News sites have seen traffic plummet in recent months due to a lack of referral clicks from Facebook, whose pivot away from hard news has taken a toll on media organizations.
Media executives told CNN that their firms have seen traffic dip by as much as 40% year-over-year due to the shift made by Facebook parent company Meta.
“Facebook nuked everyone’s traffic,” one news publisher told CNN.
Another media executive told CNN: “If you’re a major publisher, you’ve gotten nicked.”
The Post has sought comment from Meta.
In 2021, Facebook announced that it was changing its algorithm to cut down on political content in users’ news feeds — a move made in response to the social network coming under fire for fueling societal polarization and the spread of misinformation.
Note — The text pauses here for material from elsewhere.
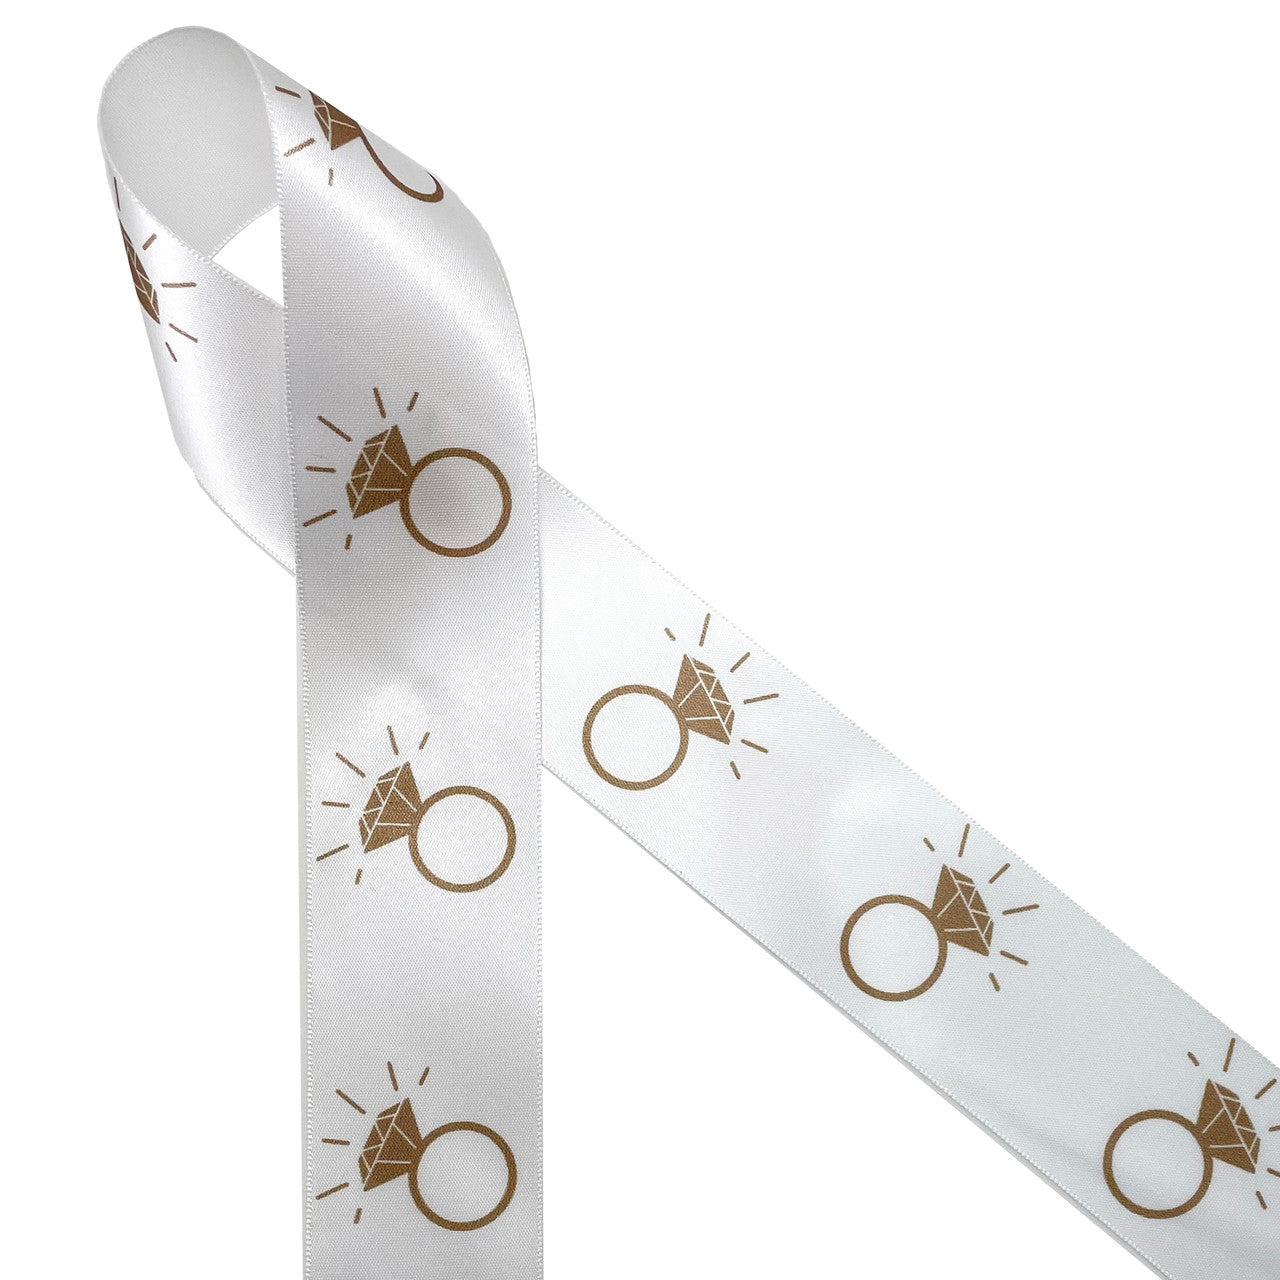 Engagement ring ribbon in gold ink printed on 1.5" white single face satin ribbon is the perfect addition to engagement party  gifts and decor. This fun ribbon is great for bridal showers and wedding gifts too! All our ribbon is designed and printed in the USA
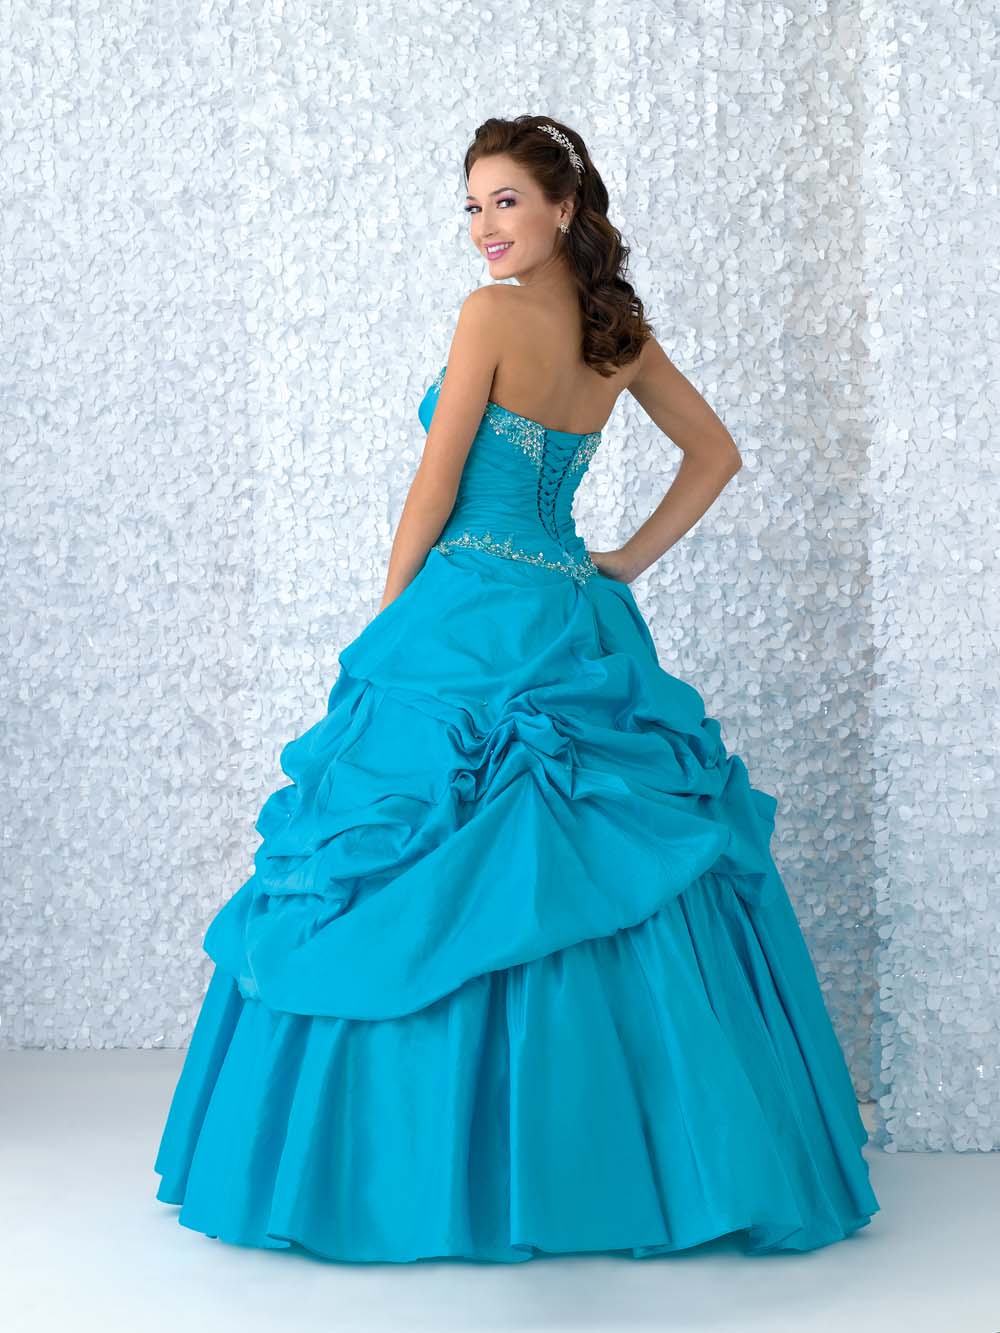 Turquoise Ball Gown Sweetheart Full Length Lace up ...

In 2018, the company overhauled the Facebook “News Feed” to place more emphasis on posts, photos, and videos shared by family and friends rather than content from publishers.
Last month, the Financial Times reported that Meta was taking a hard line toward publishers and government officials who are trying to force the company to pay media organizations for content.
Meta recently rolled out its new micro-blogging app, Threads, which is intended to compete with the news-heavy X (formerly known as Twitter).
Company executives said that Threads would prioritize content posted by creators and friends over hard news or politics — similar to the way its algorithm governs Facebook and Instagram.
Earlier this month, Meta started removing news content from Facebook and Instagram in Canada after the government passed legislation forcing tech companies to negotiate payments to news organizations for hosting their content.
Meta’s Canadian users who log on to Facebook and Instagram are thus unable to click on links to news articles that are posted to those platforms.
Google has also said that it intends to remove news contents from its platforms when the Canadian law takes effect — perhaps as soon as December.
In 2021, Australia passed a similar law that was opposed by Meta and other tech giants, though the companies have since reached deals with publishers in that country.
California was poised to pass a revenue-sharing bill, but backed down after opposition from tech companies.